Stitching with my eyes closed 

Some of you will know that I have been participating in the #365handstitch2017 challenge where people are asked to stitch a minimum of a thread a day for a year. I thought it was time to show you the progress so far.

The ‘front’ of the piece 

As you can see I’ve already added several pieces of cloth together and am working on melding them together.  I made the decision up front to ‘stitch with my eyes closed’, (a process I have been using since I first started this blog). Working this way has meant that I do not visually self-censor. This choice has removed from me the necessity of neatness. I also find the process of leaving the decision about which thread and which stitch to use, until the moment I pick up the work, really freeing.  

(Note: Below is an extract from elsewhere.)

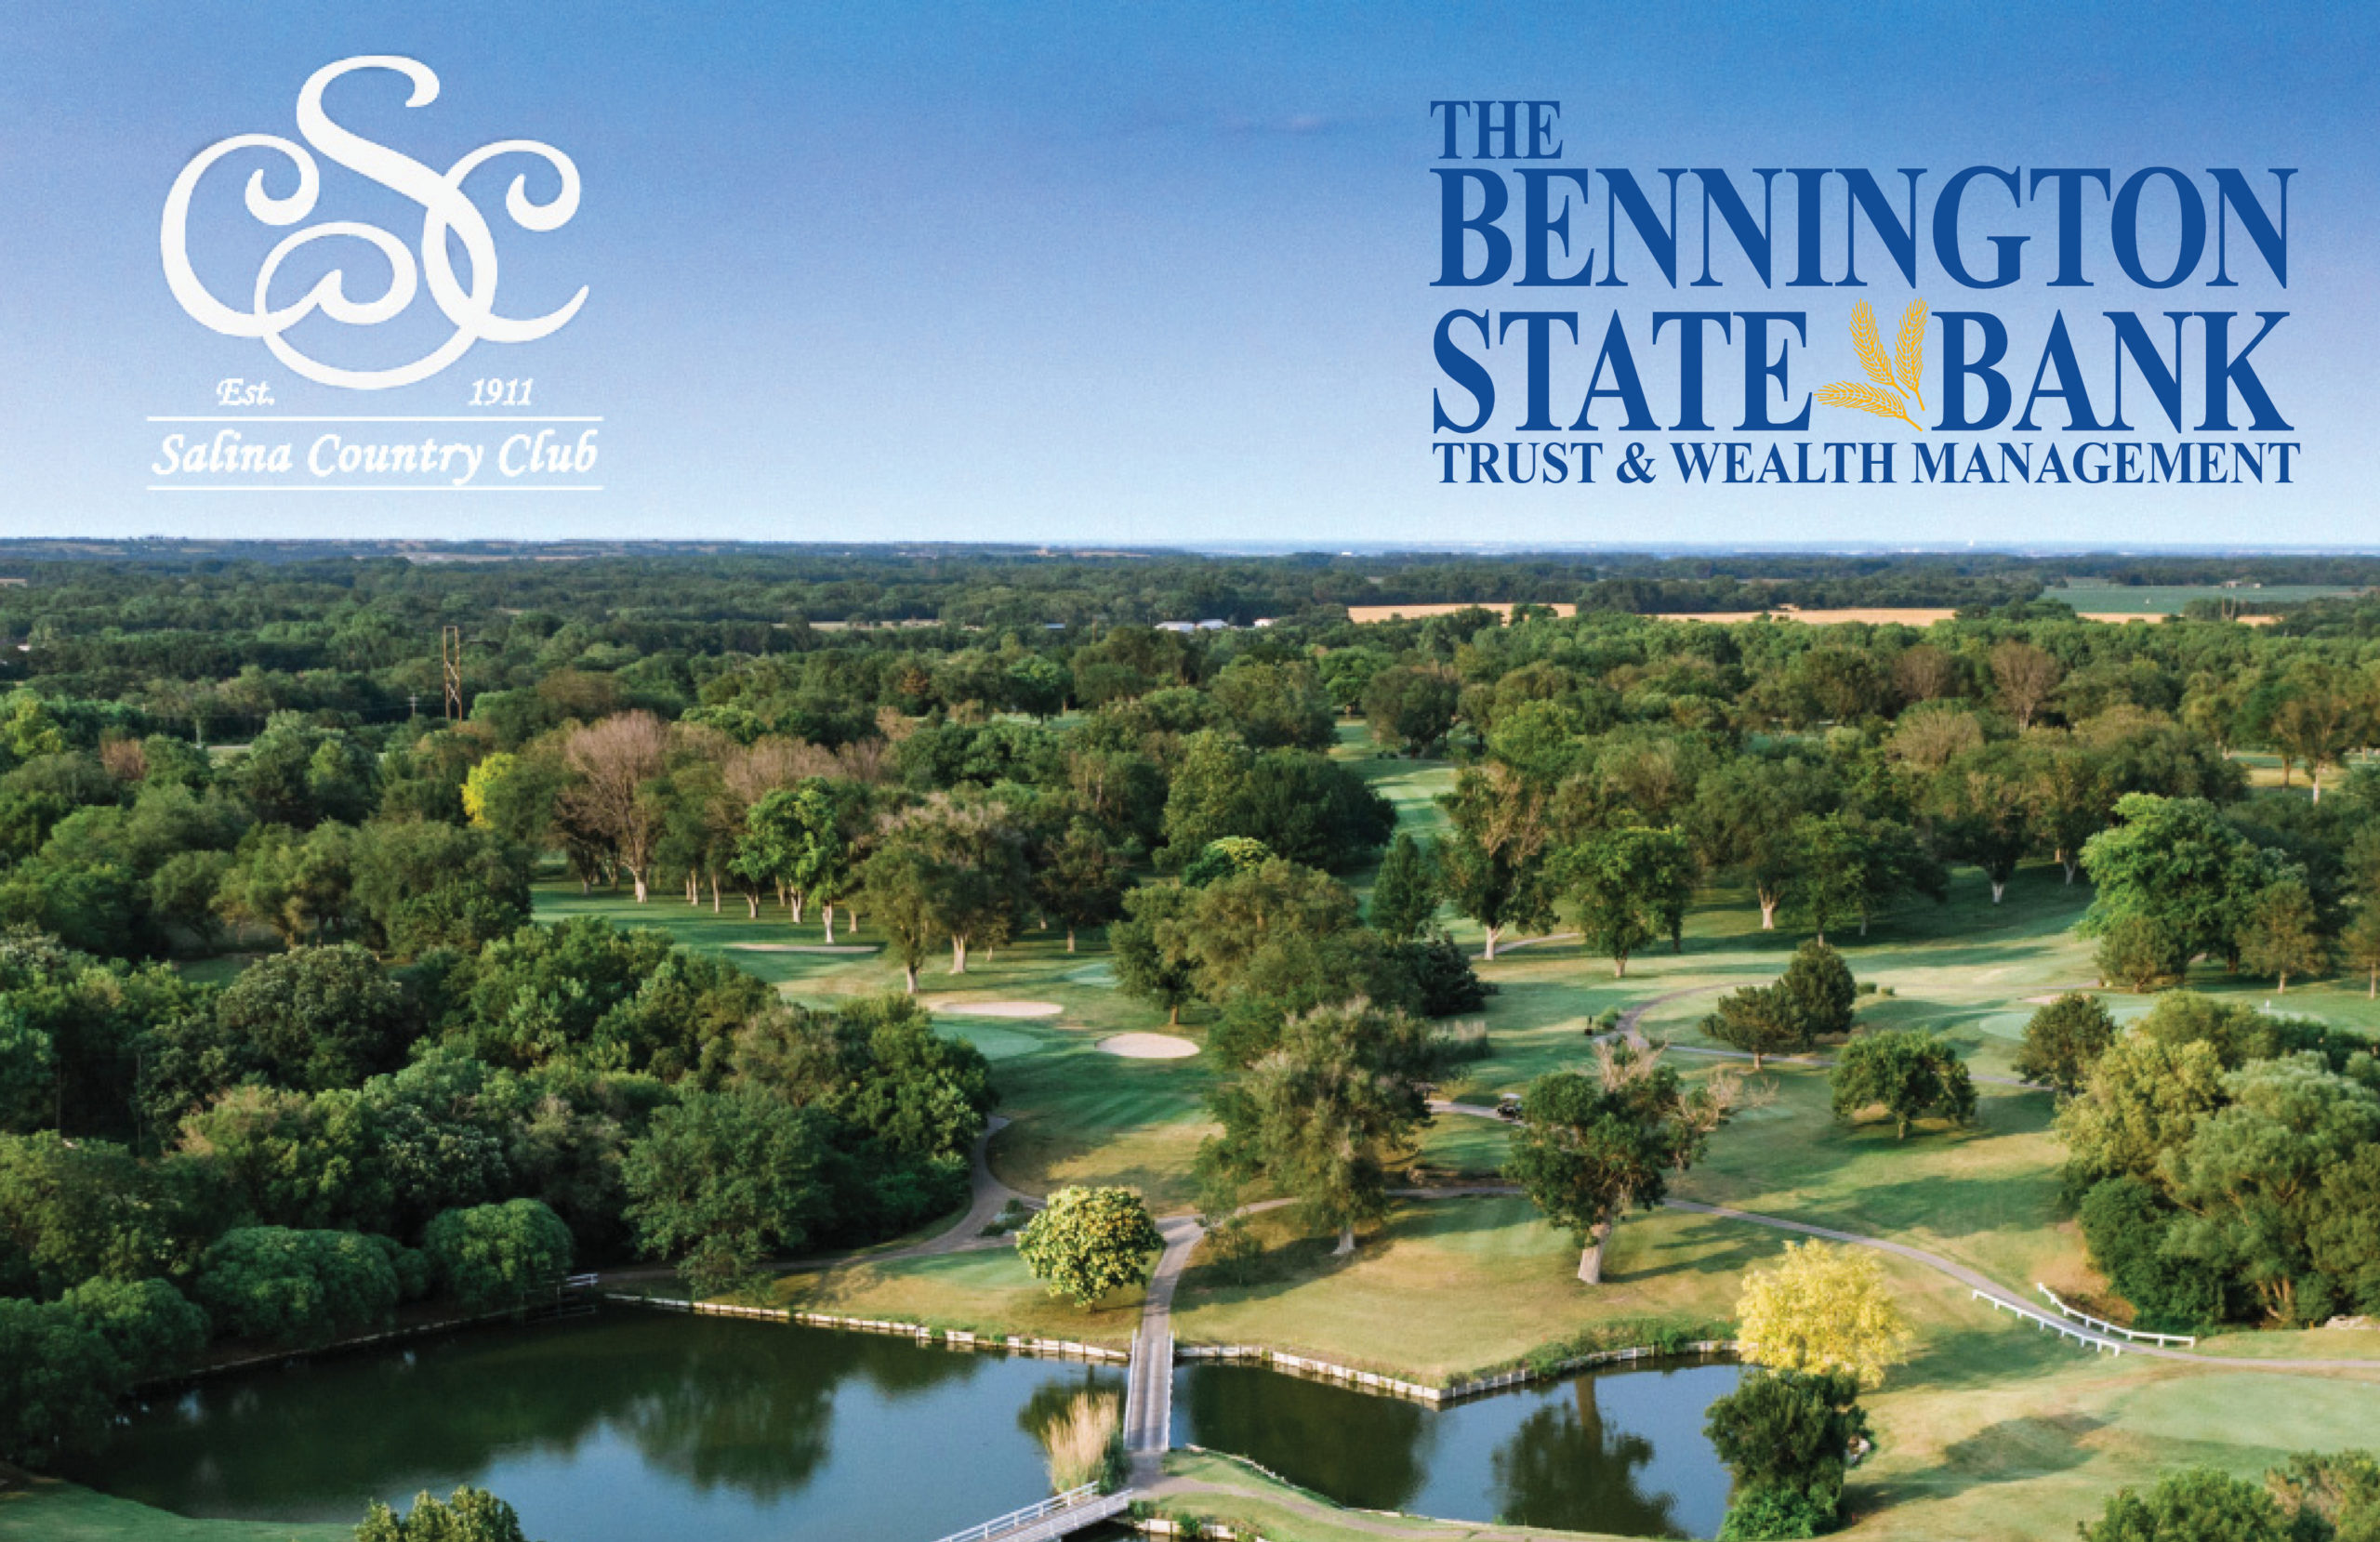 Bennington State Bank Title Sponsor 2022 Senior LPGA Championship Salina

Other people online have asked some very pertinent questions about the direction the work is taking. This has made me think about a number of issues, in particular whether I have a specific end in sight – no; and how much bigger the piece might become. 

So I have decided that the current size is where I will leave it (at present). The obvious question of what to do when I run out of space to stitch, was equally quickly answered -work on ‘the back’. I have started this process and not looking while I stitch has helped a lot. It is so hard not to be precious with my work.

The ‘back’, with two new areas of work in cretan stitch and herringbone stitch.

You can see from the photo above that the reverse side of the stitches predominantly resembles small running stitches. That’s why I’m currently adding some strongly coloured lines of stitching. You can see from the following photos that the reverse of even strong colours is not very intrusive. 

Blue herringbone stitch is quite strong when looking at the face of the stitch

The reverse of the stitch is quite unobtrusive

The ongoing challenge will be to stick with the process. It may be difficult to ‘spoil’ this work, but working against an established aesthetic is hard.